Solo la parola “schiena” accomuna queste condizioni di dolore


In tanti centri di assistenza medica, dove tutti i giorni si occupano del dolore muscolo-scheletrico, circa il 60 % dei casi, sono dovuti al mal di schiena

Molte persone, con la speranza di liberarsi di questa “bestia” seguono diversi percorsi orientati a raggiungere di nuovo la piena funzionalità. 

Questo problema è così comune che tanti sanitari ed anche i media si occupano spesso del tema, proponendo concetti molto, troppo, contrastanti, che provocano nel paziente sofferente un poderoso impatto non solo sul dolore e la disabilità, ma perfino sul tempo e sulla qualità di recupero.   

Il dolore acuto e il dolore cronico


Il primo ostacolo che deve superare la persona è il malinteso frequente che predomina, riferito alla parola cronico, interpretato come gravità. Invece, serve solo a determinare la cronologia del dolore e non per identificare altro parametro, cioè la serietà della patologia. 

Il mal di schiena acuto è riferito a un dolore nuovo, mai patito prima, che si risolve in quattro settimane circa, mentre il cronico persiste per più di tre mesi. Questo malinteso può influenzare negativamente già in partenza le aspettative di prognosi del paziente, inoltre complica la gestione e la sua risposta al trattamento.

Se hai sofferto improvvisamente, cioè, in modo acuto, un quadro di mal di schiena fino a restare bloccato, questa è una situazione completamente diversa dal presentare un dolore alla schiena che, lentamente e con alti e bassi, progredisce da mesi oppure anni, definito come cronico.                                                                                                      

Chiarito questo aspetto, si possono risparmiare tanti disagi: denaro, tempo, dolore e salute.
Quando il dolore è acuto, di solito, spiegando alla persona che è una risposta normale dell’organismo, calmando la contrattura muscolare condizionata dal dolore, e ricordando che è improbabile che ci siano stati danni tessutali severi, con le raccomandazioni precise di come riprendere le attività, nel tempo prefissato sarà possibile tornare di nuovo in carreggiata. 

Se, invece, il fastidio si protrae da lunga data, ossia, è cronico, diventa una situazione ormai complessa che supera la normale reazione di protezione del proprio corpo. Il cervello, unico organo deputato a determinare la presenza del dolore, continua a inviare segnali di rischio, sebbene i tessuti siano già guariti. A questo punto, dobbiamo analizzare diversi altri fattori coinvolti in questo processo tanto diverso da quello del dolore acuto. Entrano in gioco le nostre credenze, esperienze passate, consigli sbagliati, abitudini inutili, lo stress quotidiano, per elencare alcuni.                                     

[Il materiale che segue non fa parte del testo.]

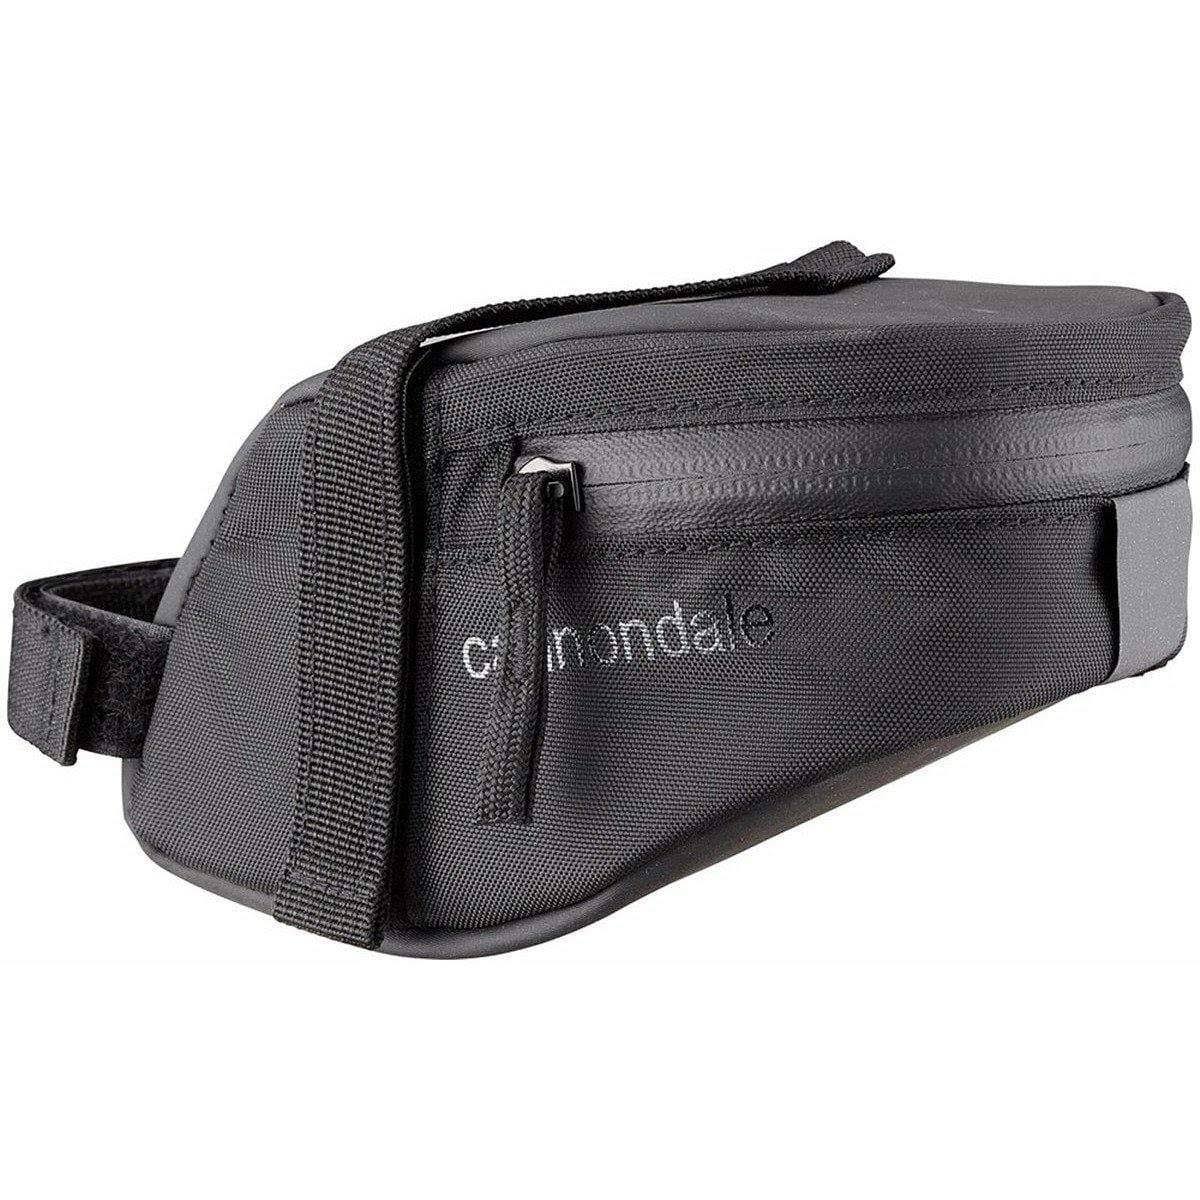 Cannondale Contain Stitched Velcro Medium Saddle Bag

Si può guarire dal mal di schiena cronico?


Per concludere, è importante sapere che, sicuramente, il mal di schiena cronico può essere risolto, contando sulla disposizione attiva del paziente. Sarebbe auspicabile per conseguire lo scopo, innanzitutto comprendere il proprio dolore, per diminuire le paure, l’ansia, man mano anche il dolore e in seguito riprendere a muoversi tramite schemi sani di movimento in modo graduale.    

Cosa devo fare se soffro di dolore cronico?

Cosa devo fare se soffro di dolore cronico?

Il dolore cronico è quello che dura oltre il tempo previsto di guarigione tissutale. È molto diffuso: una persona su cinque lo patisce. Le persone per le quali la causa sia muscolo-scheletrica, dovranno sfidare diversi problemi che impediranno uno stile di vita normale, con l’impossibilità di poter realizzare tanti progetti nella loro esistenza. Affrontare in modo innovativo la miriade di fattori contribuenti a detta condizione però, consentirà a queste persone di gestirla autonomamente e a lungo termine, riprendendo a svolgere le attività perse e di impegnarsi in altre nuove.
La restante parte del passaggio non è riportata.